* WHAT TO PRODUCE
Write back every line of the listing exactly, excluding images.

* SOURCE DATA
= = = =
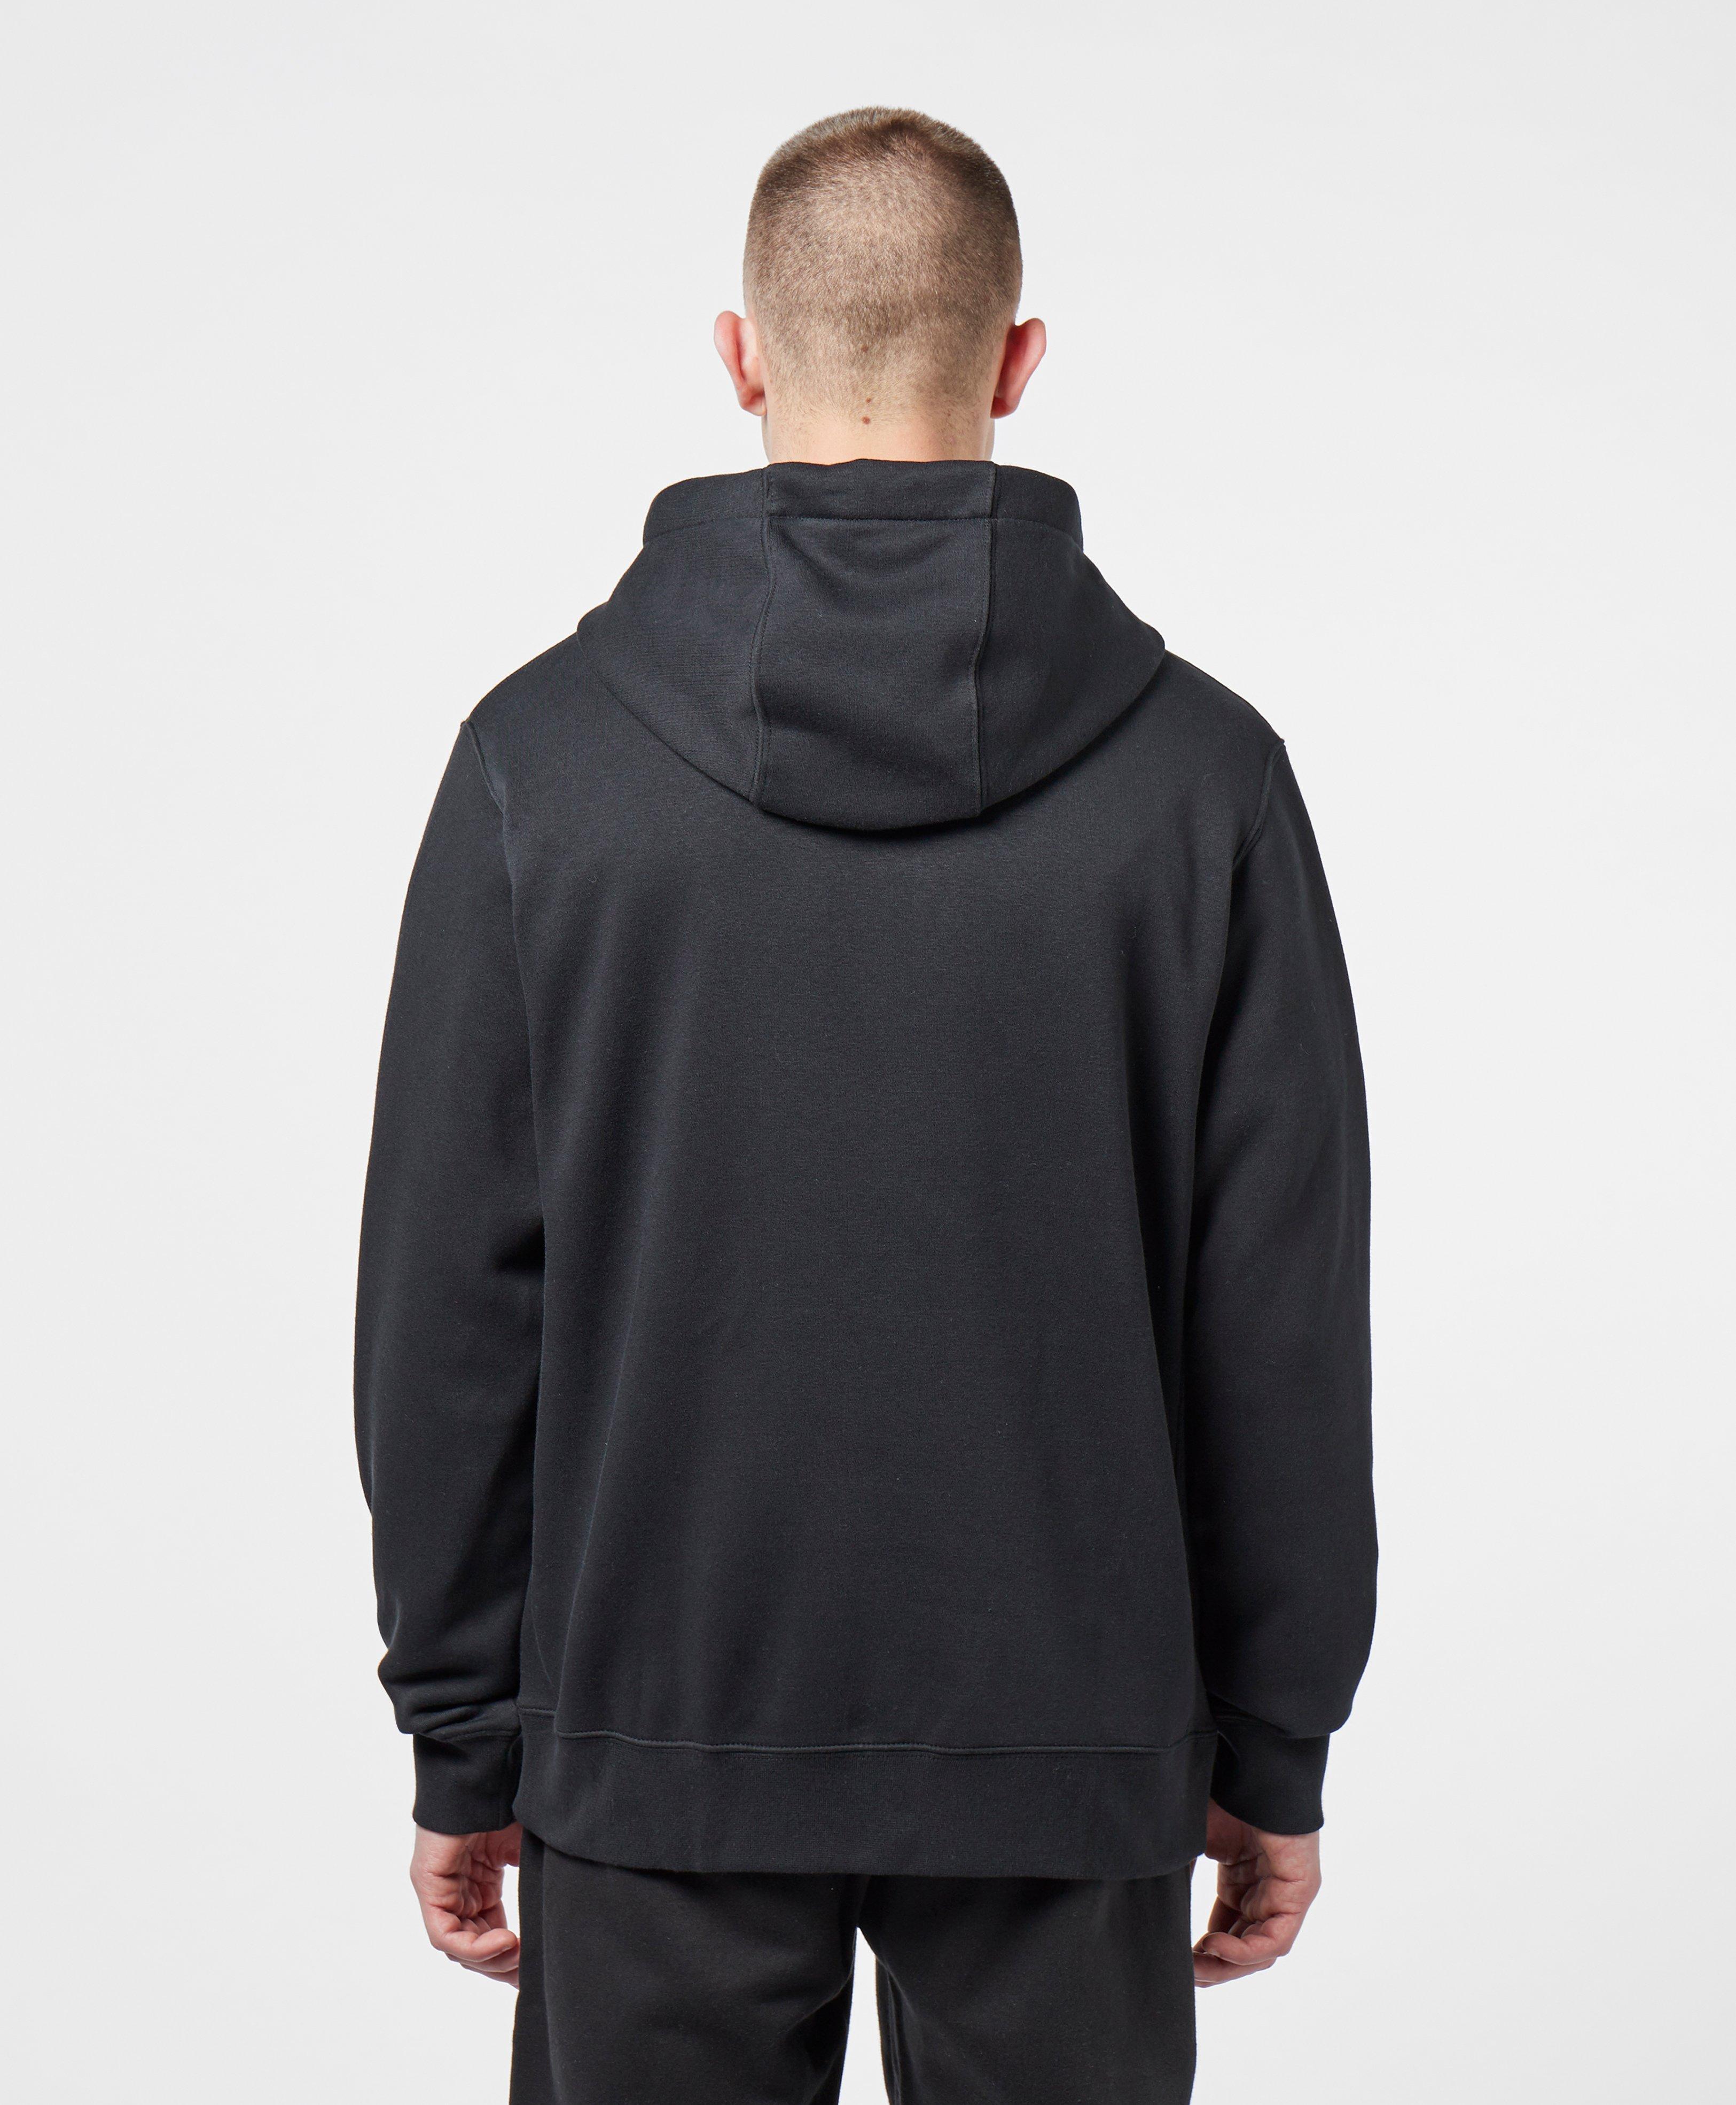 Nike Cotton Foundation Full Zip Hoodie in Black for Men - Save 10% - Lyst
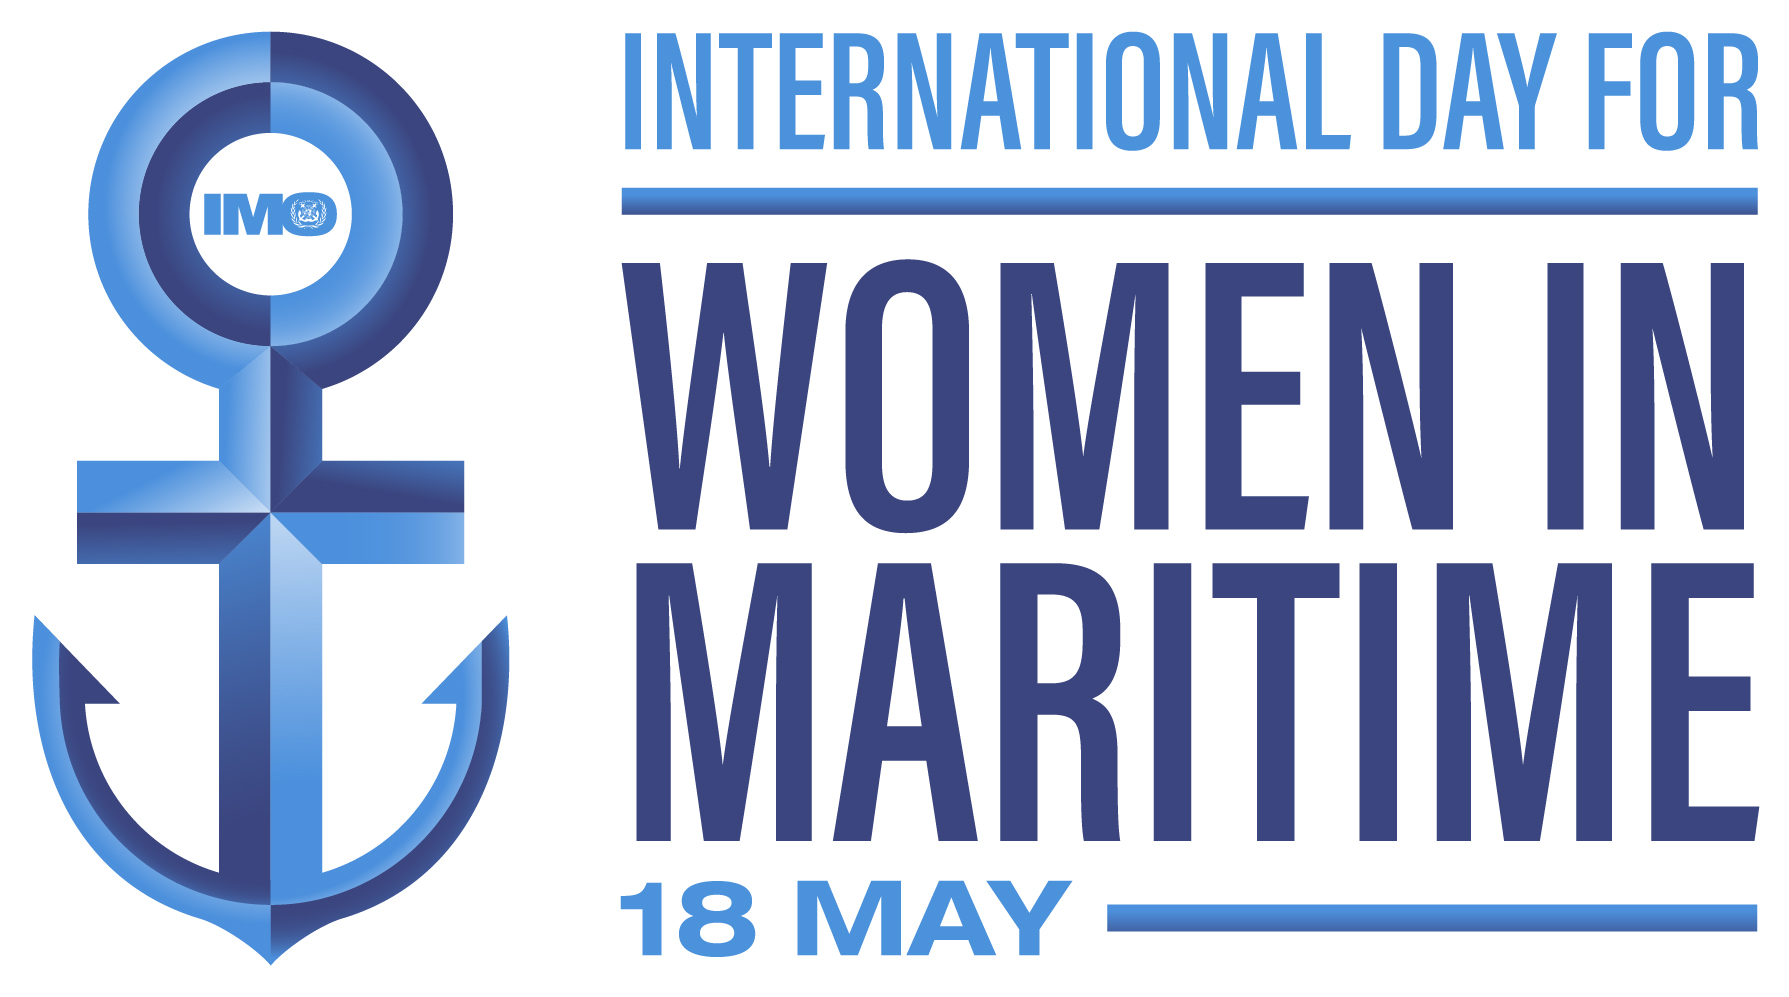 IMO's logo for the International Day for Women in Maritime
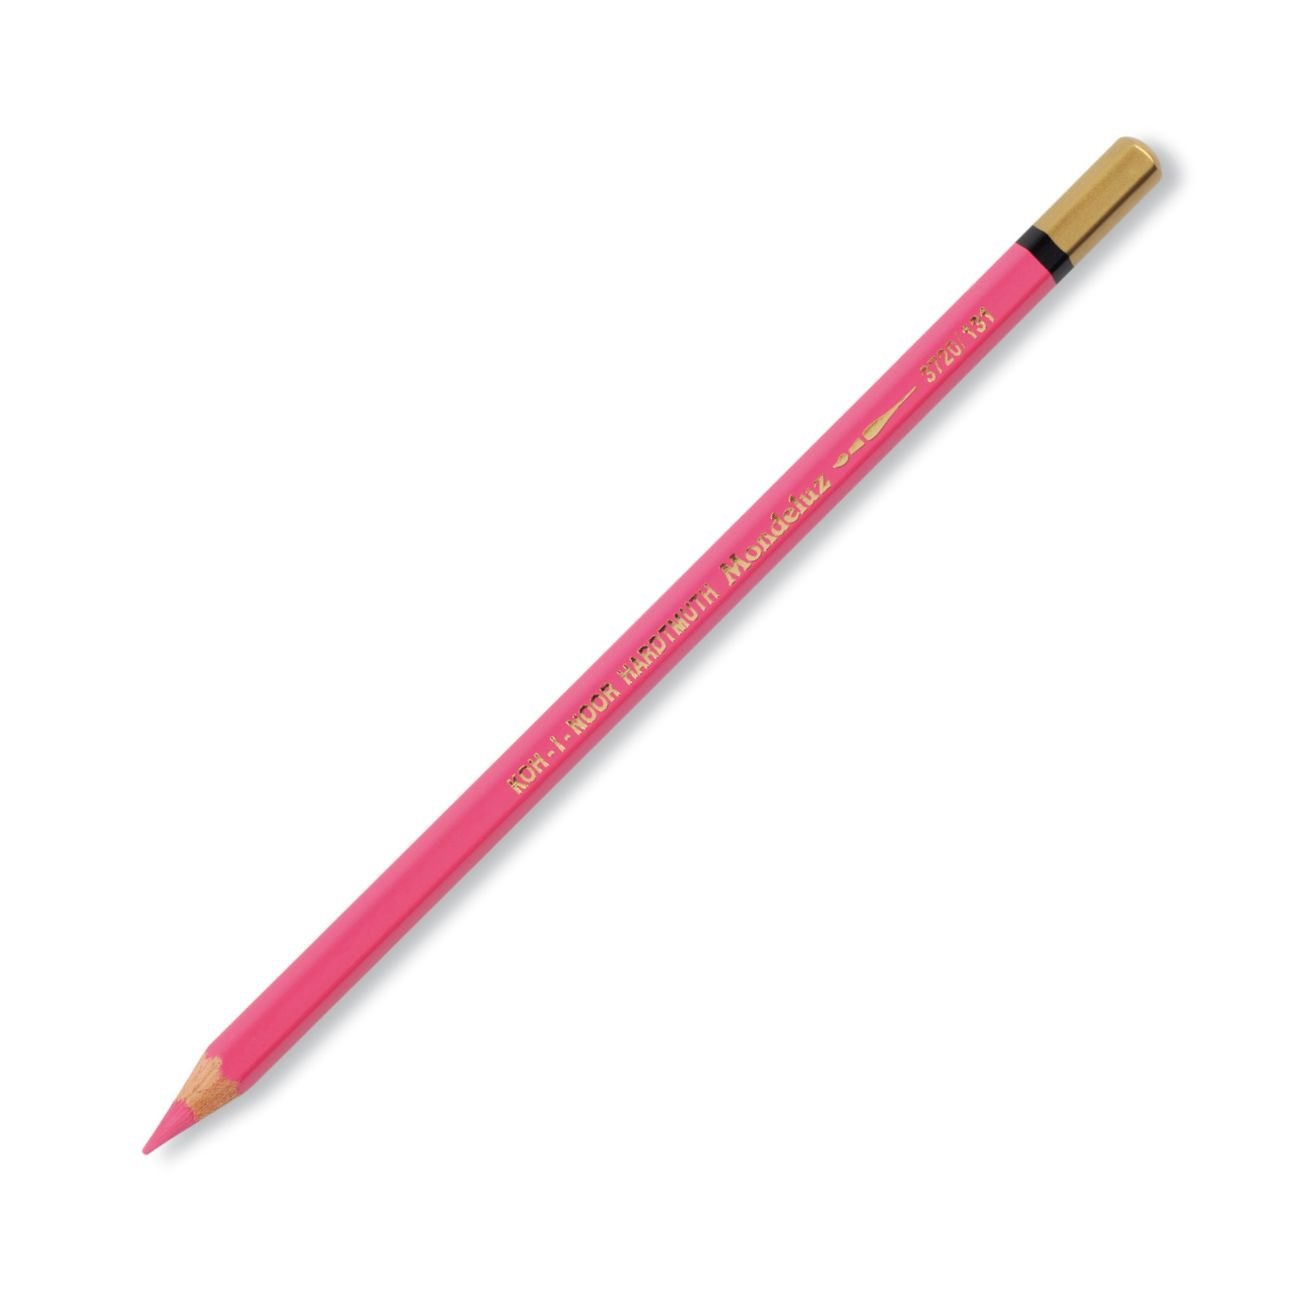 Koh-I-Noor Mondeluz Aquarell Artist's Water Soluble Coloured Pencil - French Pink (131)
= = = =
* PROBLEM SOLUTION
 Nike Cotton Foundation Full Zip Hoodie in Black for Men - Save 10% - Lyst
 IMO's logo for the International Day for Women in Maritime
 Koh-I-Noor Mondeluz Aquarell Artist's Water Soluble Coloured Pencil - French Pink (131)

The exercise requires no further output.